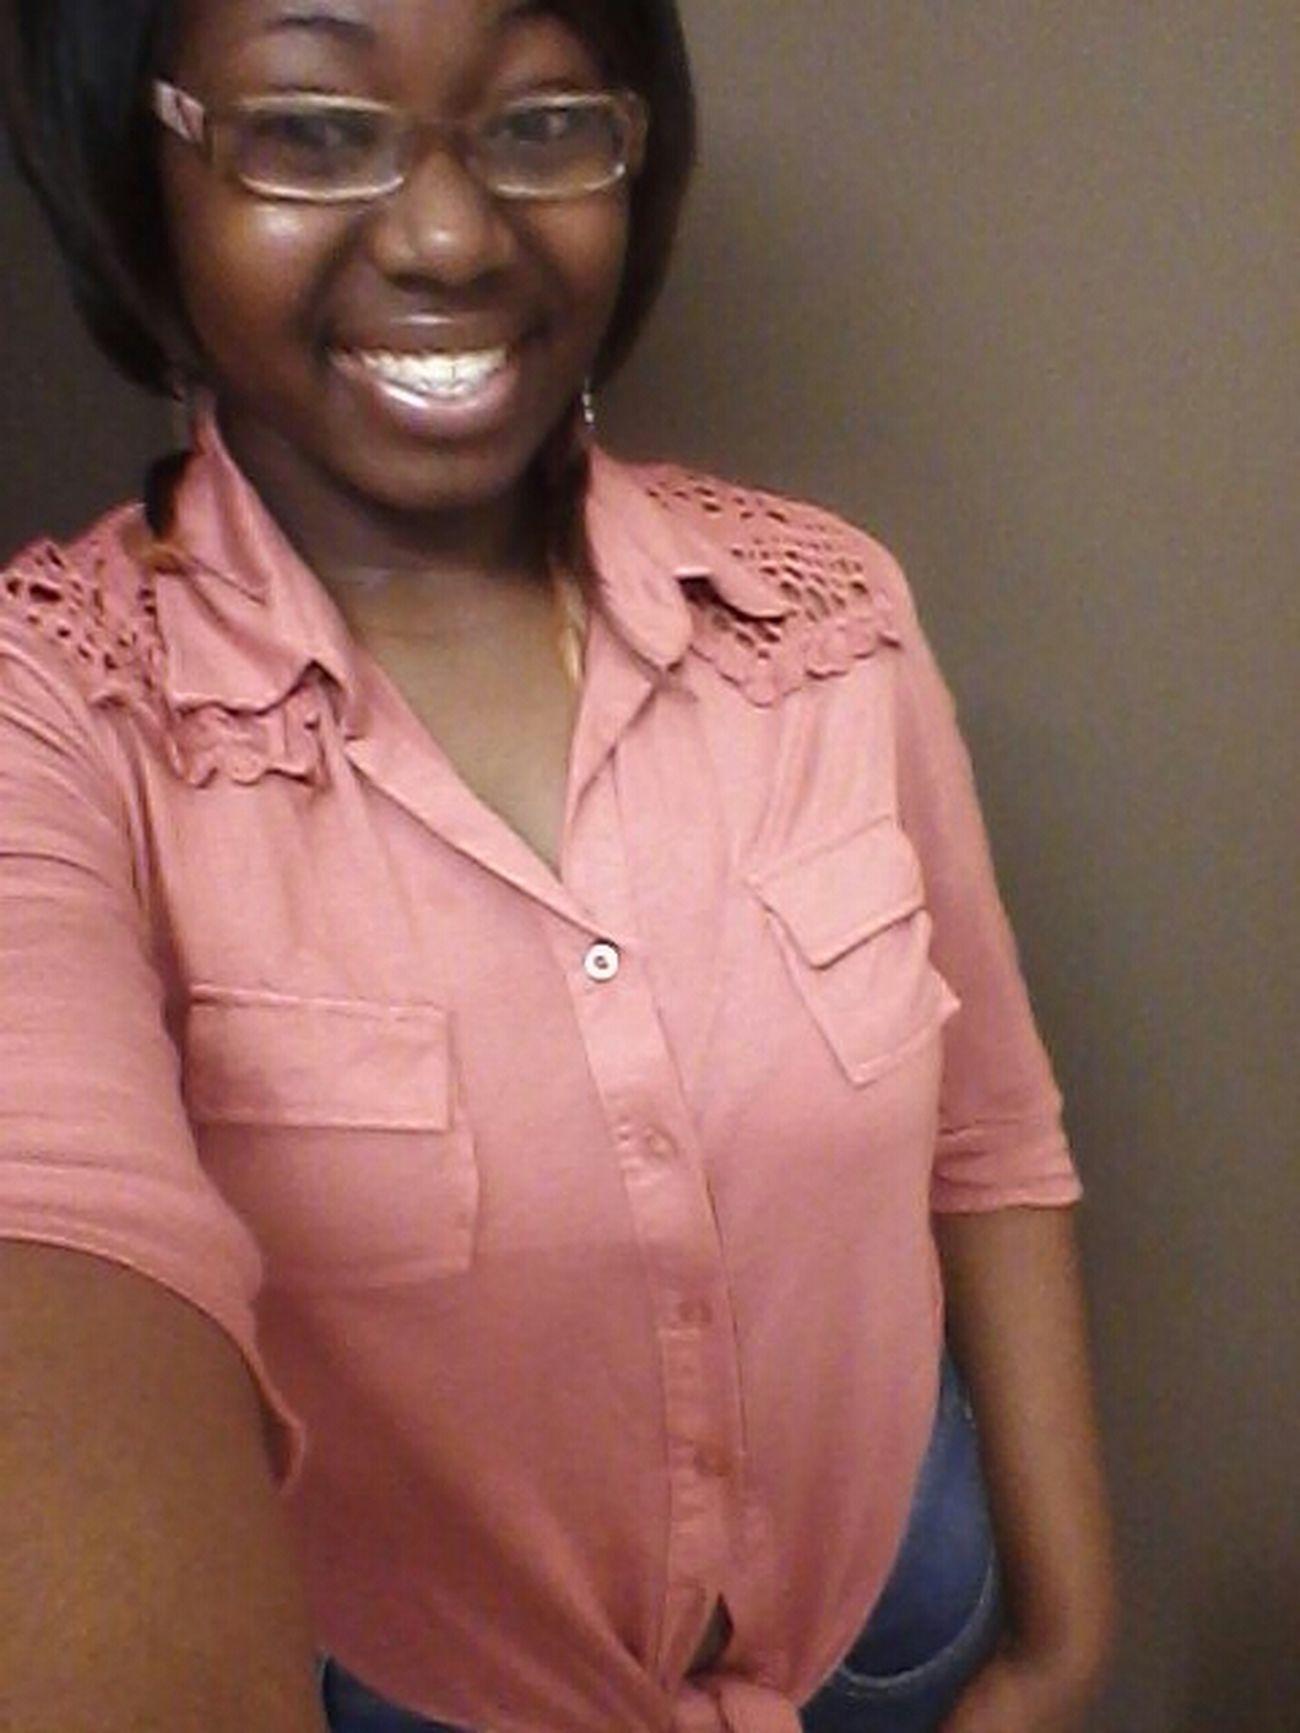 #yesterday #peach #smileit'scontagious :)
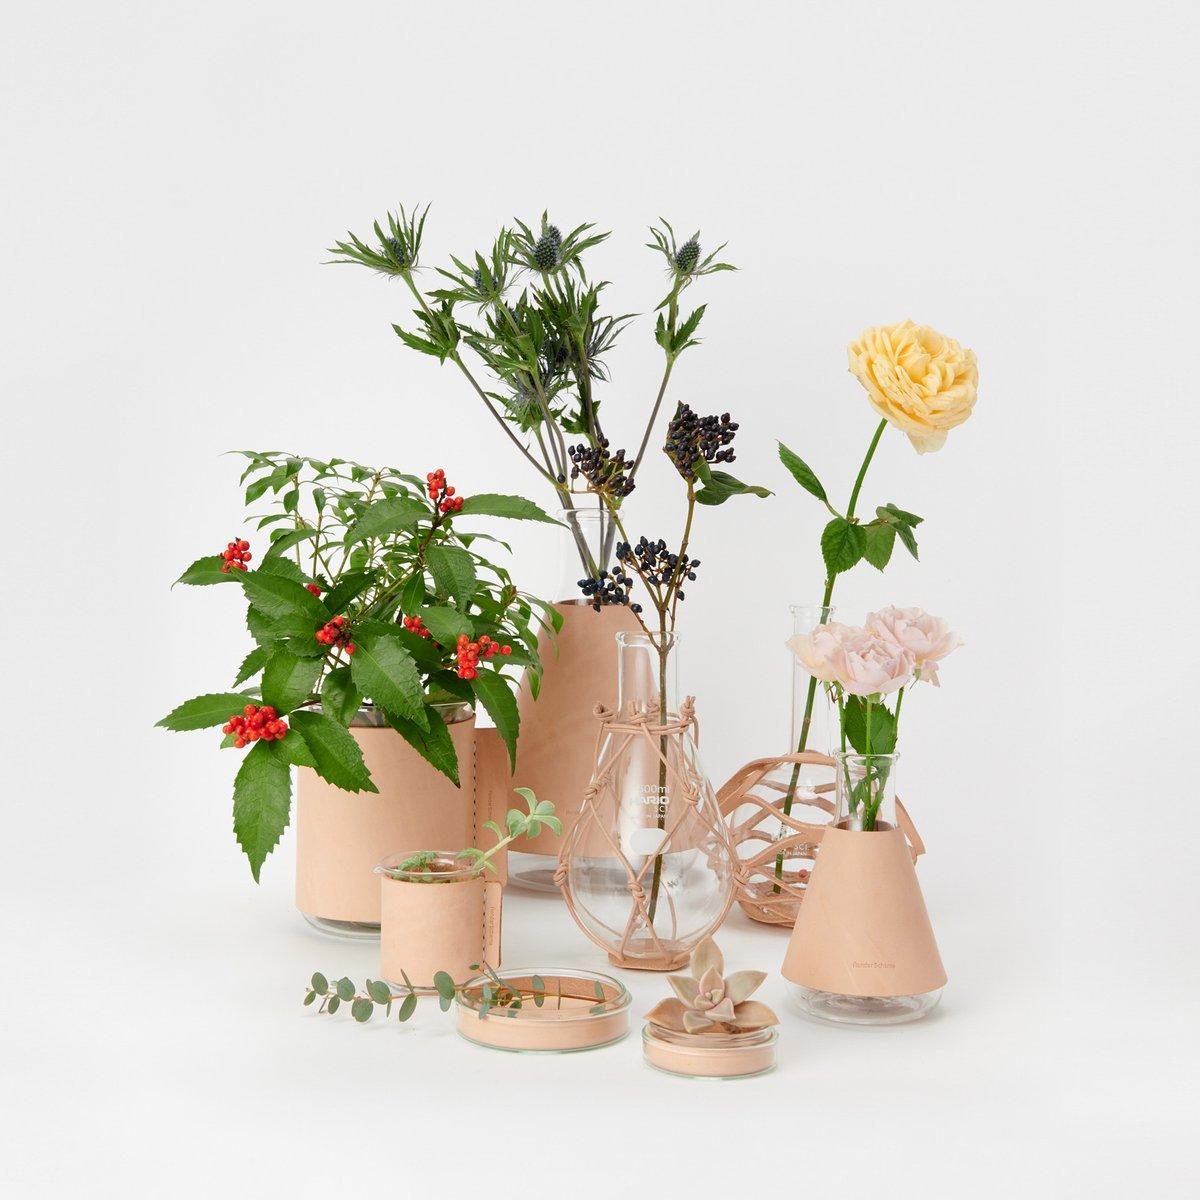 「エンダースキーマ」から、フラスコやシャーレなどの実験器具を使った花瓶が初登場。6月13日から順次販売へ。
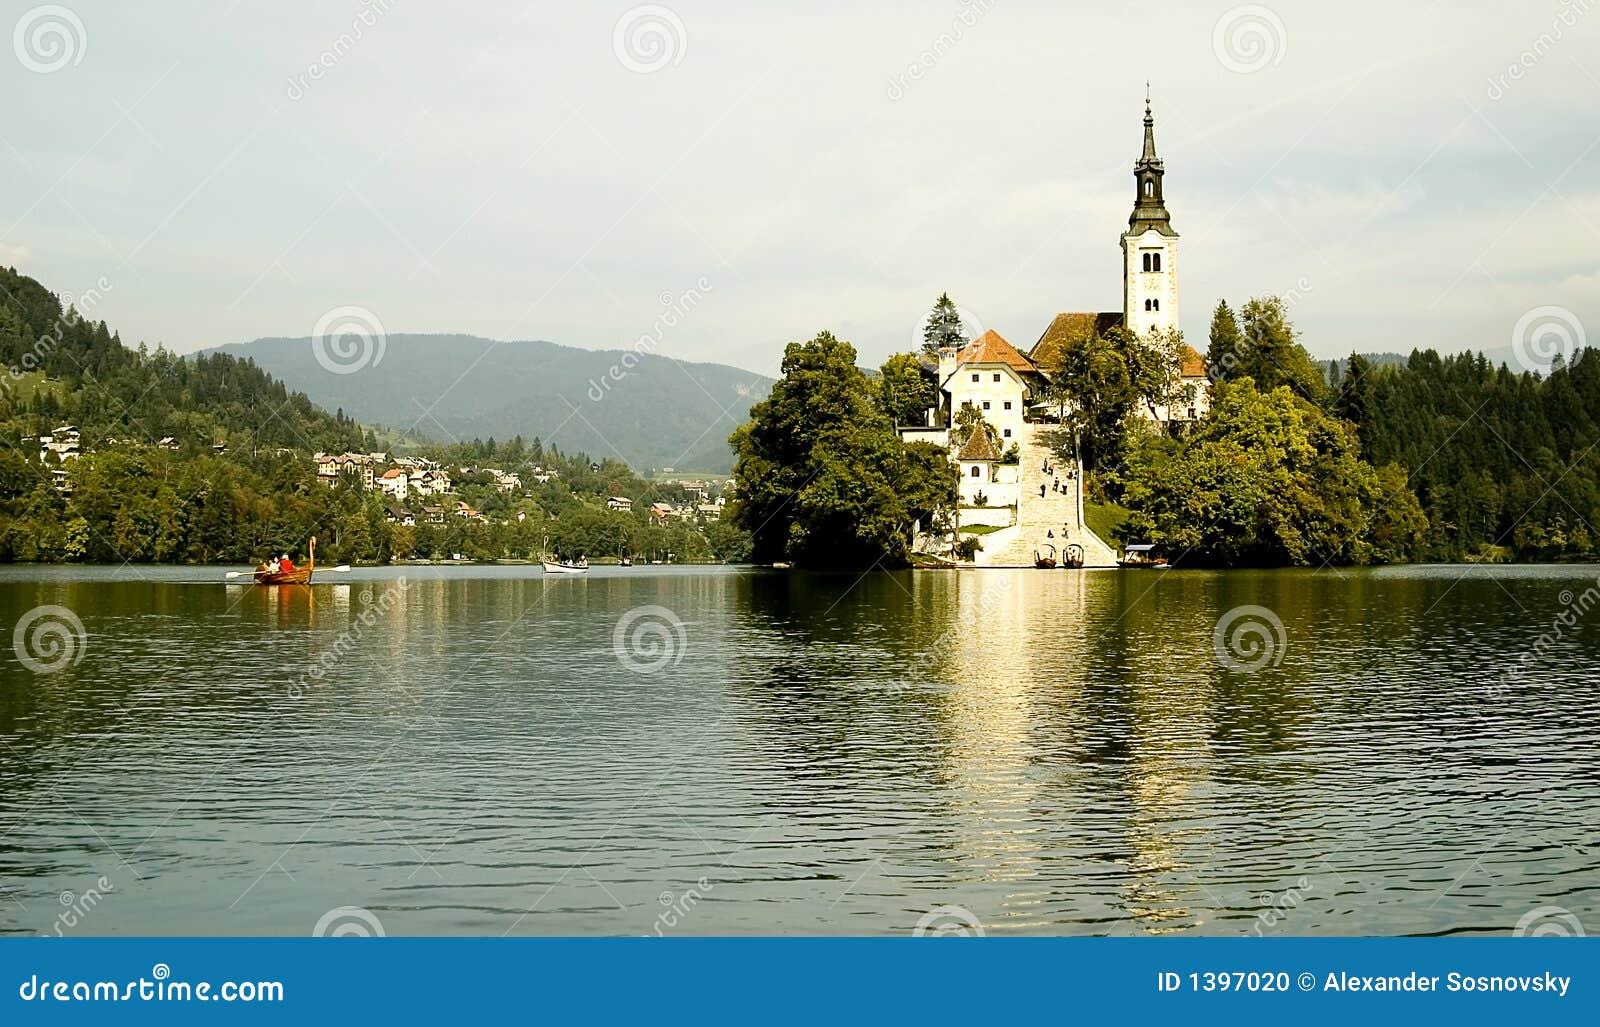 Une île et un bateau

══════════

### Goal of the exercise:
Transcribe the listing in full and omit the pictures.

### Answer space:
 #yesterday #peach #smileit'scontagious :)
 「エンダースキーマ」から、フラスコやシャーレなどの実験器具を使った花瓶が初登場。6月13日から順次販売へ。
 Une île et un bateau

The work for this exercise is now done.